Starting with his anchorman father's role model and family hero Edward R. Murrow (an uncanny David Strathairn in a star-making turn), Clooney and co-writer/producer Grant Heslov focus on the 1950s CBS newsman's on-air feud with Senator Joseph McCarthy. Defying corporate and sponsorship pressures, "the face of television" exposed McCarthy's scaremongering tactics during his communist witch hunt at the very real risk of becoming a target himself.

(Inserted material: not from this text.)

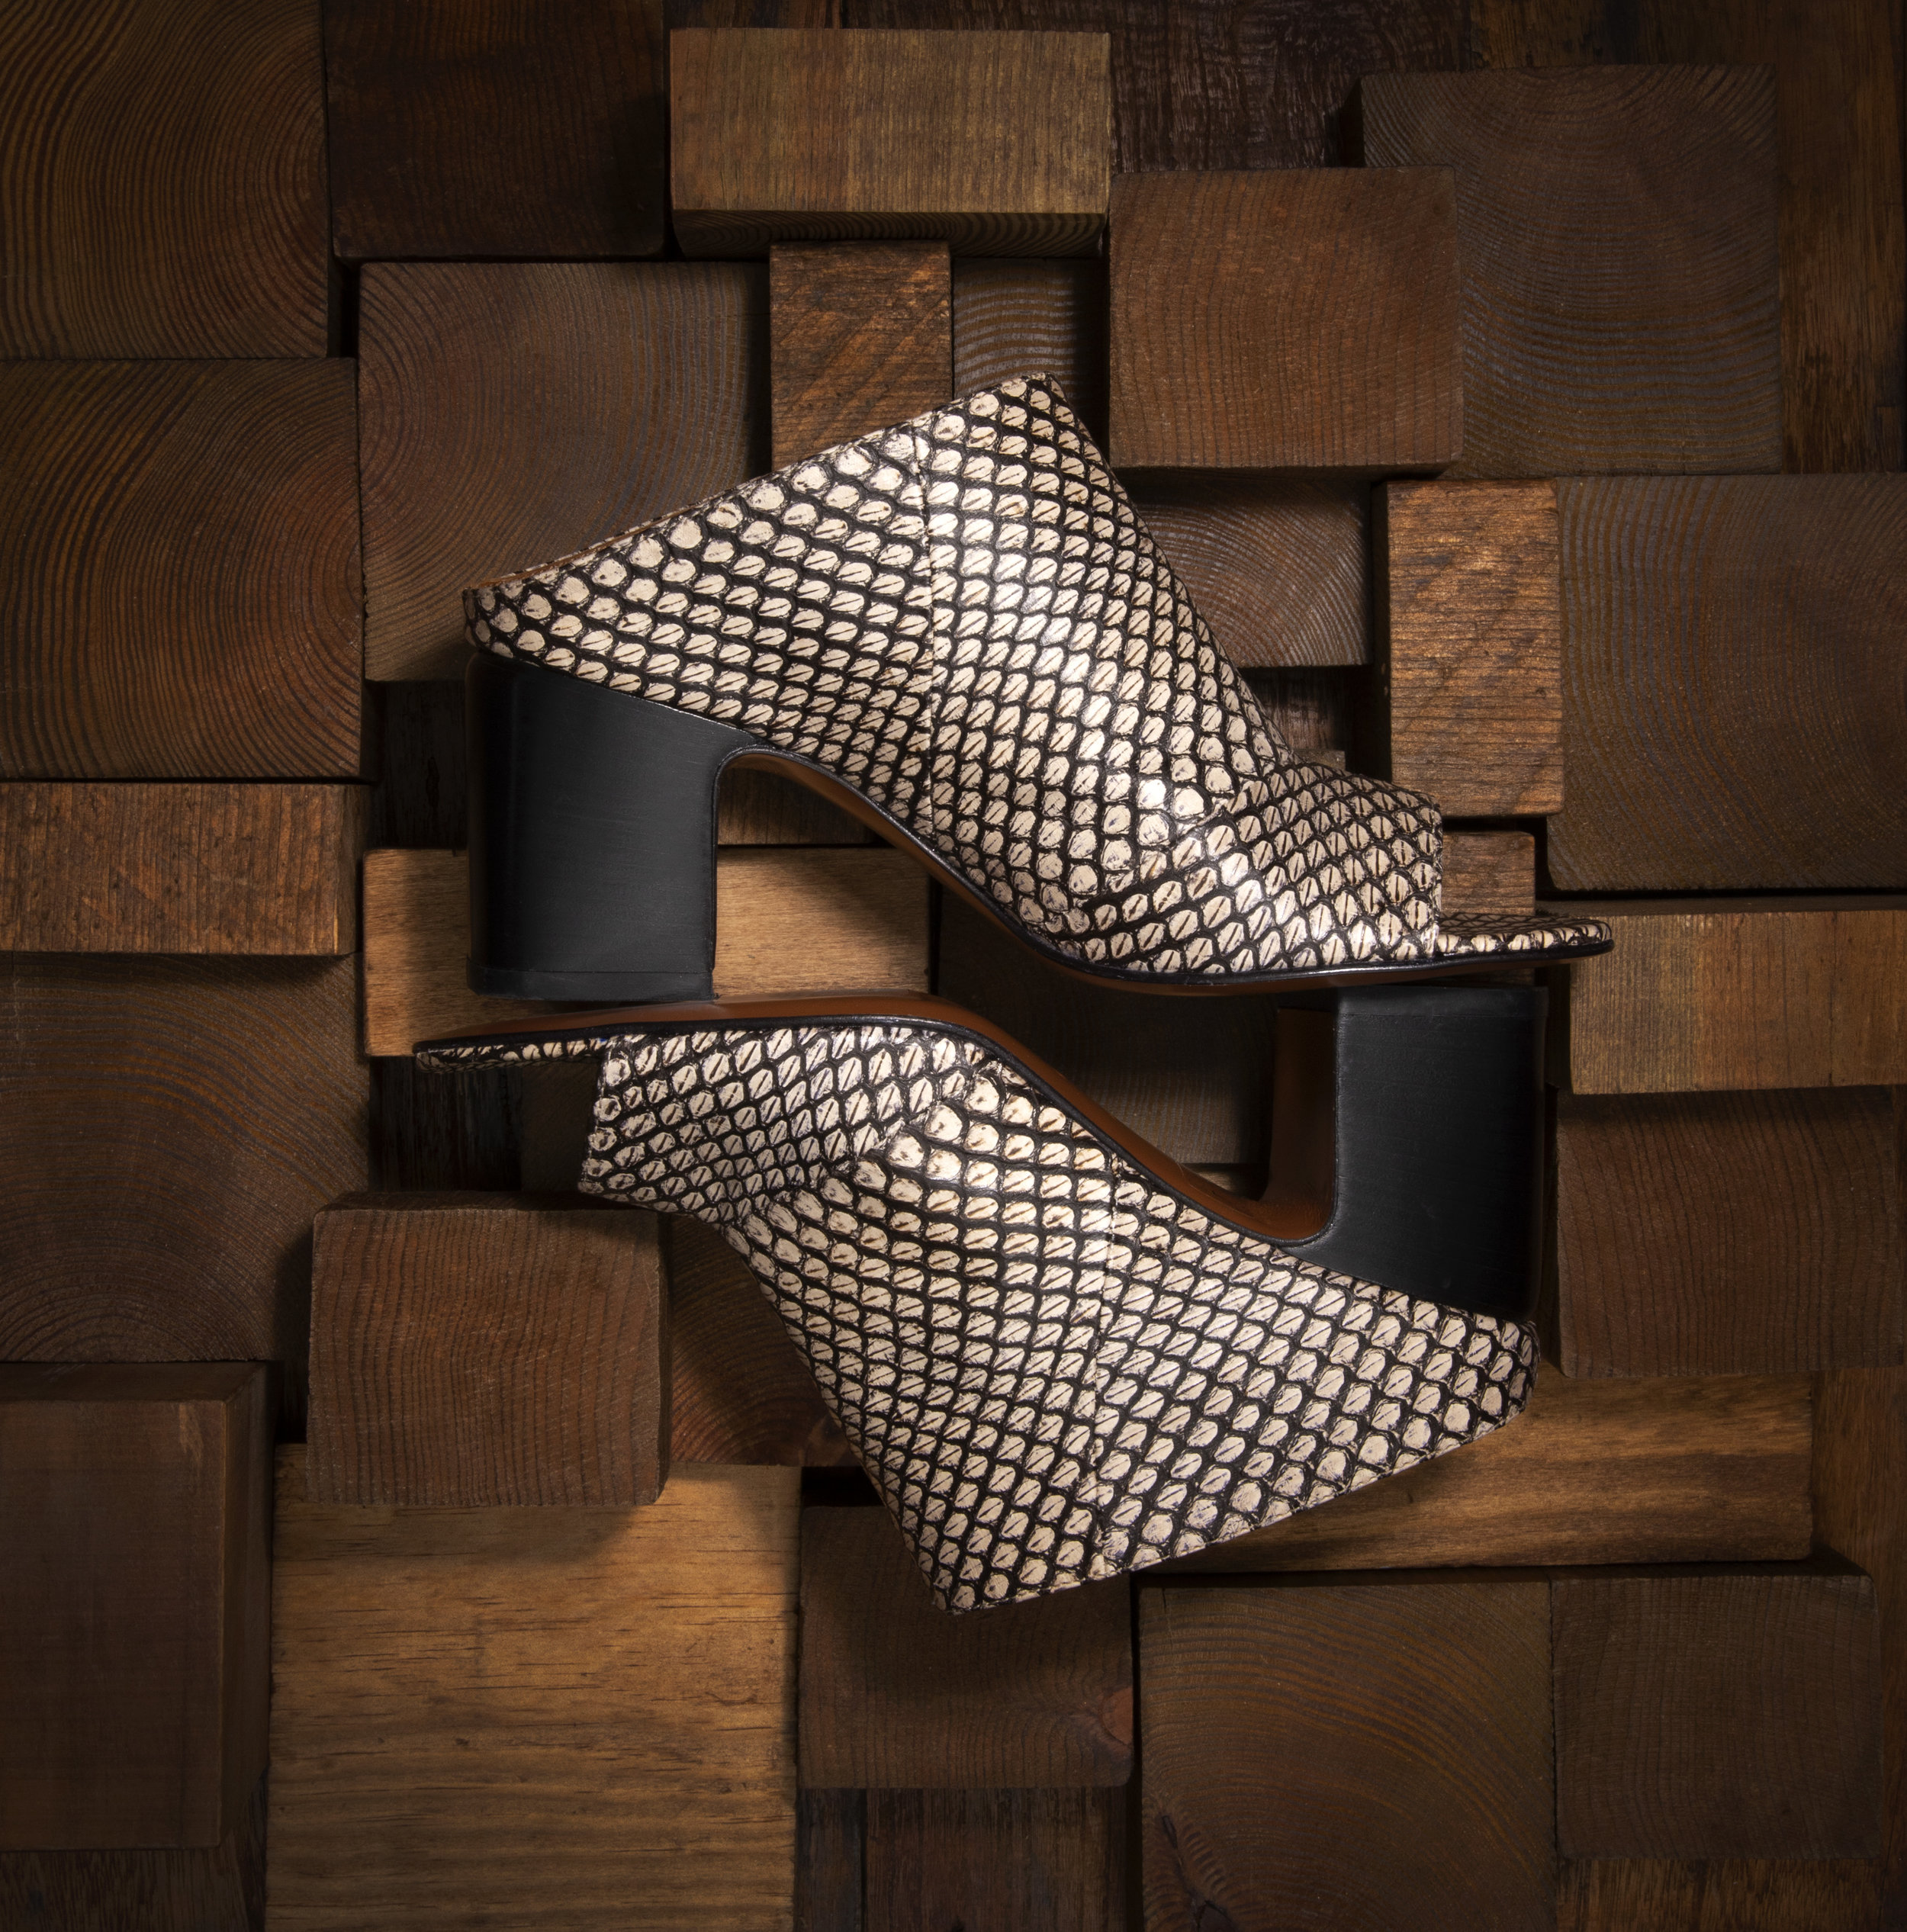 shoes_still_life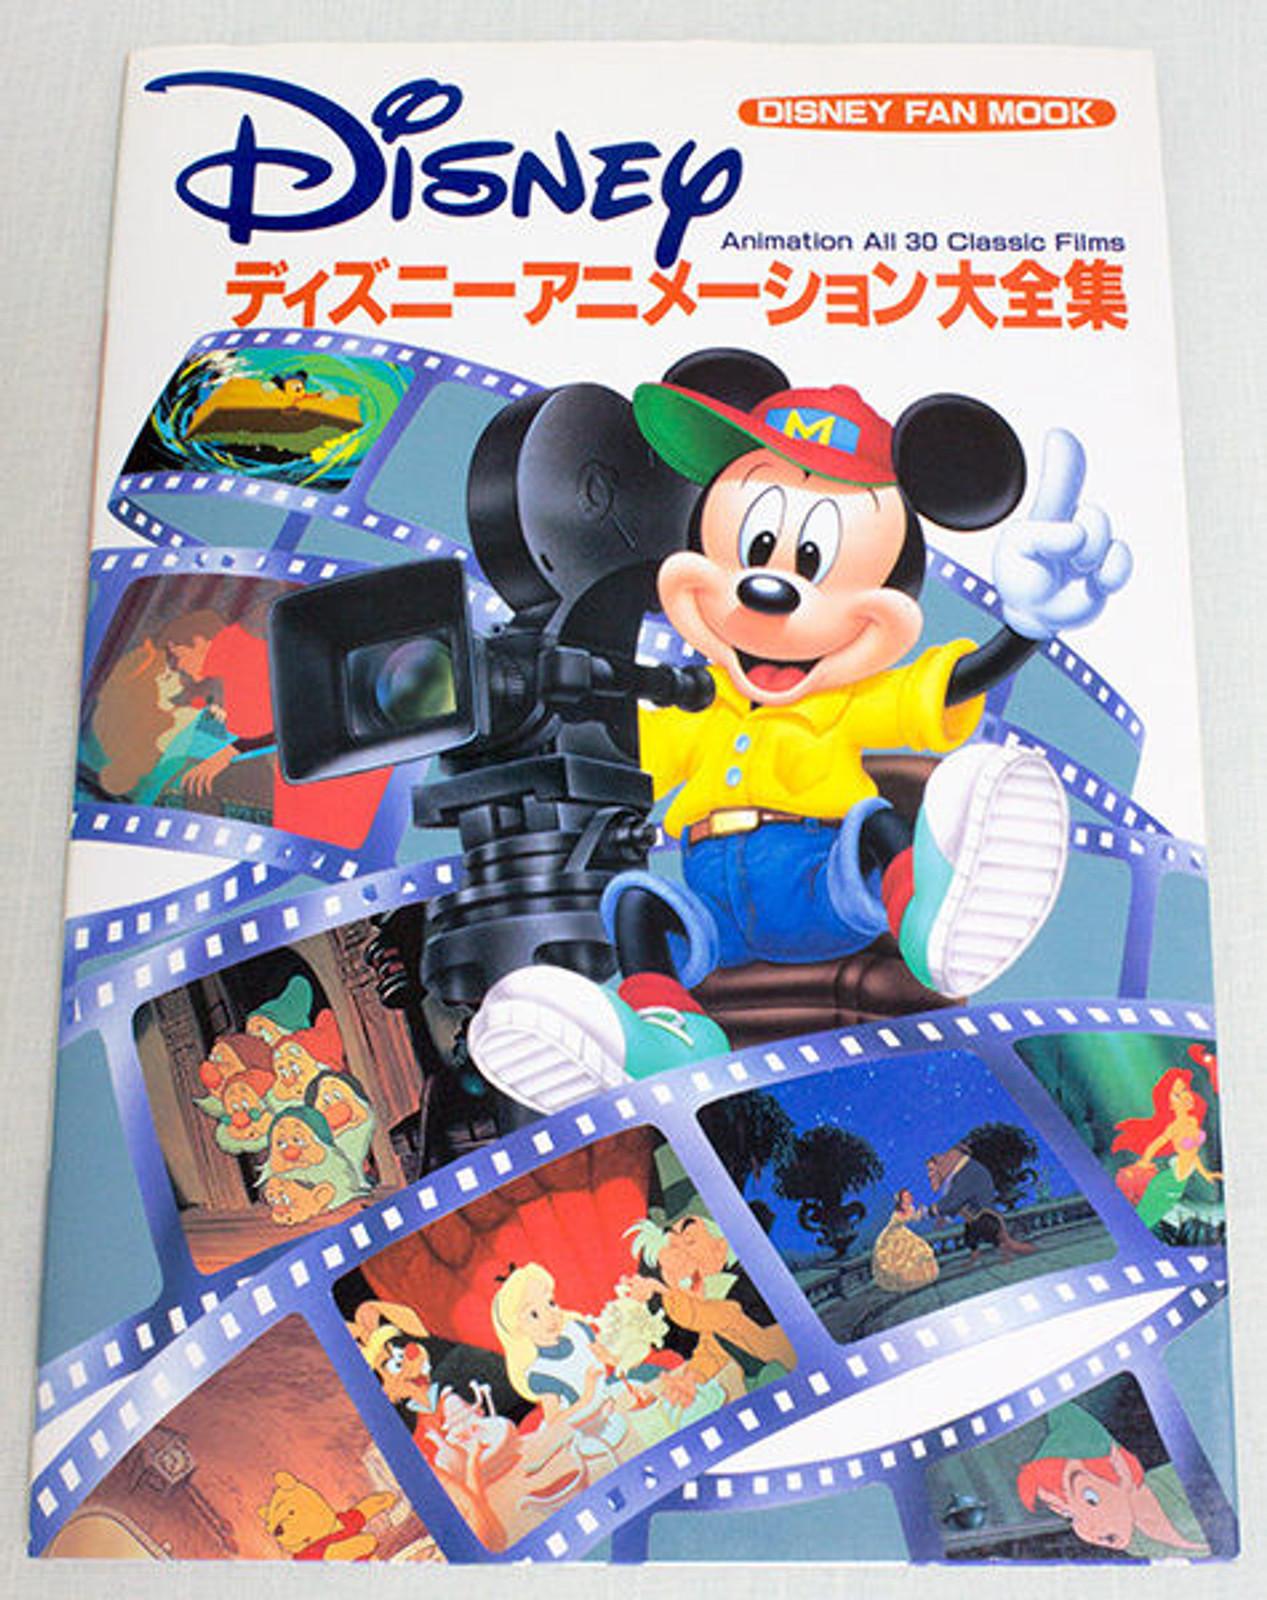 Disney Animation All 30 Classic Films Japanese Fan Book JAPAN ANIME MICKEY ALICE

Shot in black and white, "Good Night" interweaves behind-the-scenes newsroom reenactments with archival footage of McCarthy himself and compelling extended clips from the actual hearings for a documentary-esque effect. Yet, with musical interludes by jazz crooner Dianne Reeves -- in another family connection, singing arrangements by Clooney's late Aunt Rosemary with her band -- and scenes that trail off into quiet stillness, there's artistry here, too, in the film's contemplative pace. Moreover, Clooney eschews delving into either Murrow's backstory or his personal life that a lesser picture would have exploited for sentimentalism.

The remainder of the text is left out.